SIGMA: Single Interpolated Generative Model for Anomalies
Ranit Das, David Shih
TL;DR
The paper tackles the computational bottleneck of resonant anomaly detection by proposing SIGMA, which trains a single flow on all data and uses parameter interpolation to the signal region, thereby avoiding per-SR retraining. It builds on conditional flow matching to approximate the background distribution, incorporating a frequency embedding to capture high-frequency components associated with localized signals. The key contributions are the data-driven, all-data background template with fast SR interpolation, a comparative analysis of CR-based and SIGMA interpolation in terms of SIC performance, and substantial training-time gains over prior methods.
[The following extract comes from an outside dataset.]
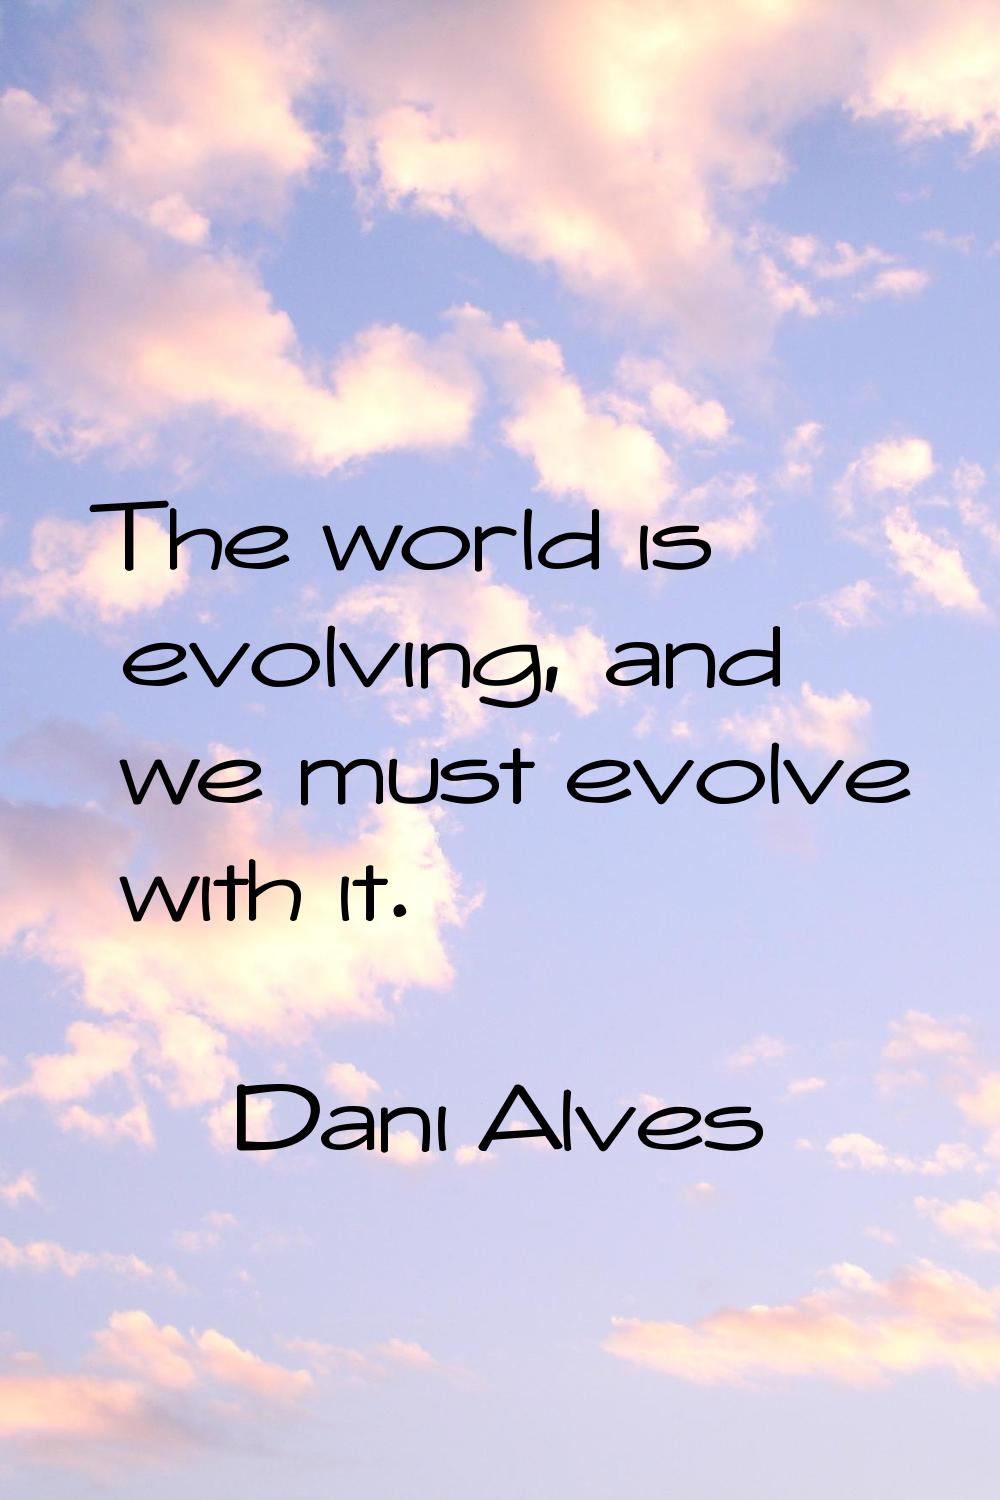 The world is evolving, and we must evolve with it.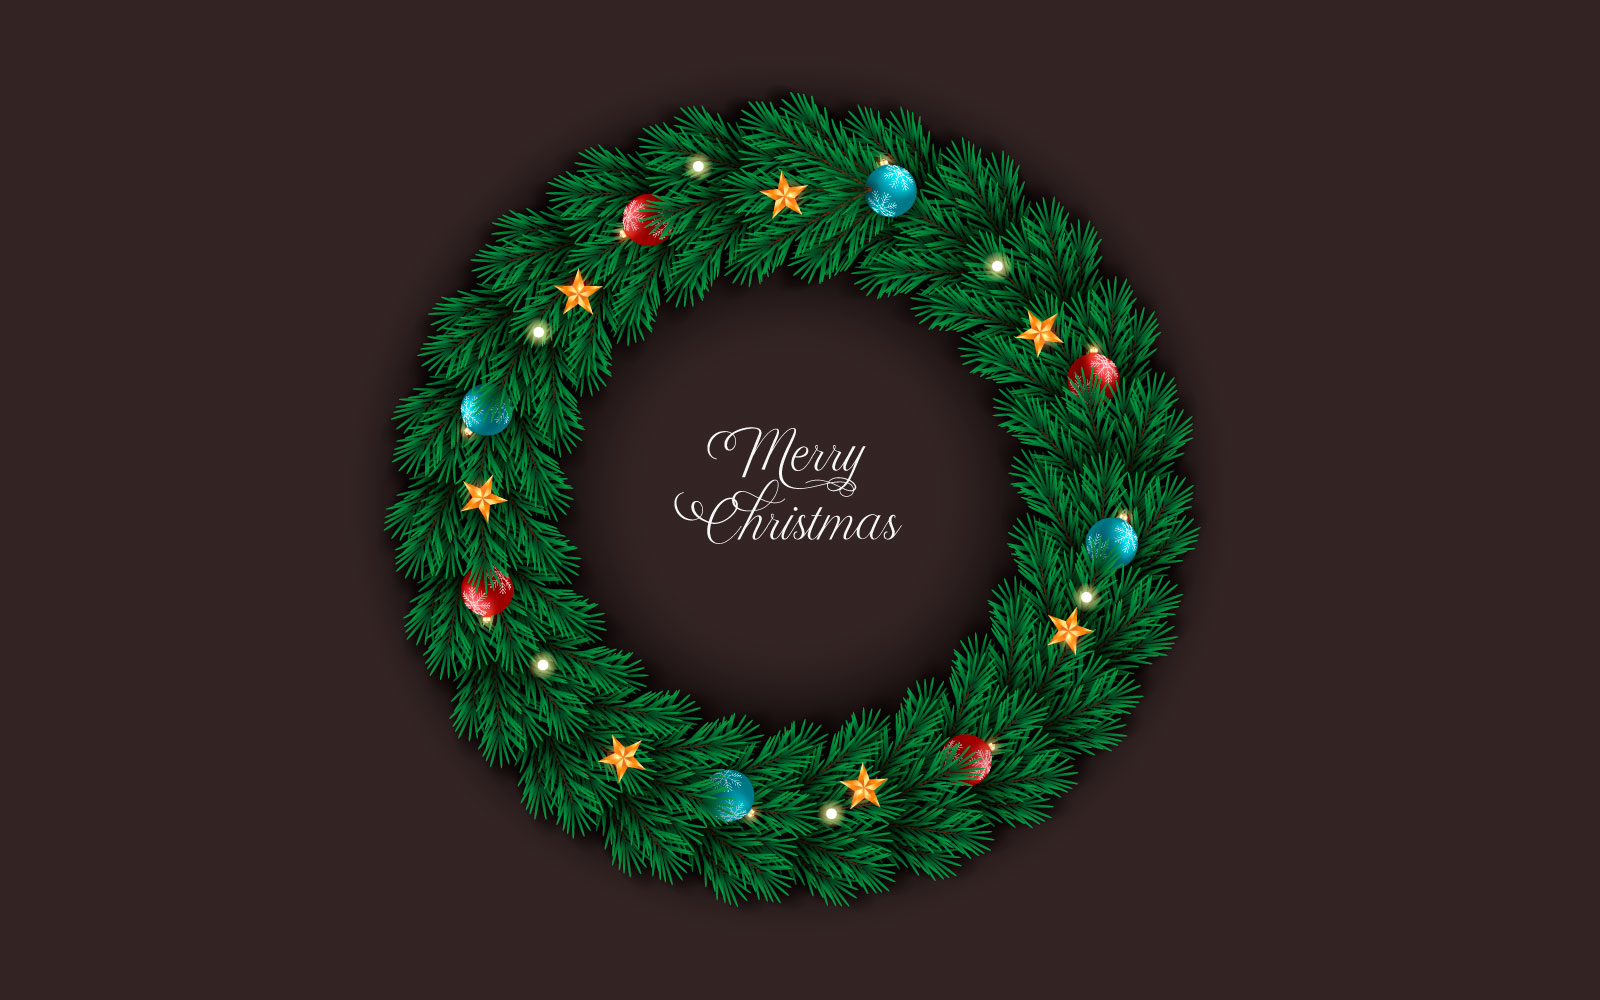 Best christmas wishes wreath with decorated holiday wreath illustration

This approach enables scalable, model-agnostic bump-hunt analyses on large datasets while preserving sensitivity to localized anomalies, with $R_{ m optimal}(x)=\frac{p_{\rm data}(x)}{p_{\rm background}(x)}$ guiding the detection framework.
Abstract
A key step in any resonant anomaly detection search is accurate modeling of the background distribution in each signal region. Data-driven methods like CATHODE accomplish this by training separate generative models on the complement of each signal region, and interpolating them into their corresponding signal regions. Having to re-train the generative model on essentially the entire dataset for each signal region is a major computational cost in a typical sliding window search with many signal regions. Here, we present SIGMA, a new, fully data-driven, computationally-efficient method for estimating background distributions. The idea is to train a single generative model on all of the data and interpolate its parameters in sideband regions in order to obtain a model for the background in the signal region. The SIGMA method significantly reduces the computational cost compared to previous approaches, while retaining a similar high quality of background modeling and sensitivity to anomalous signals.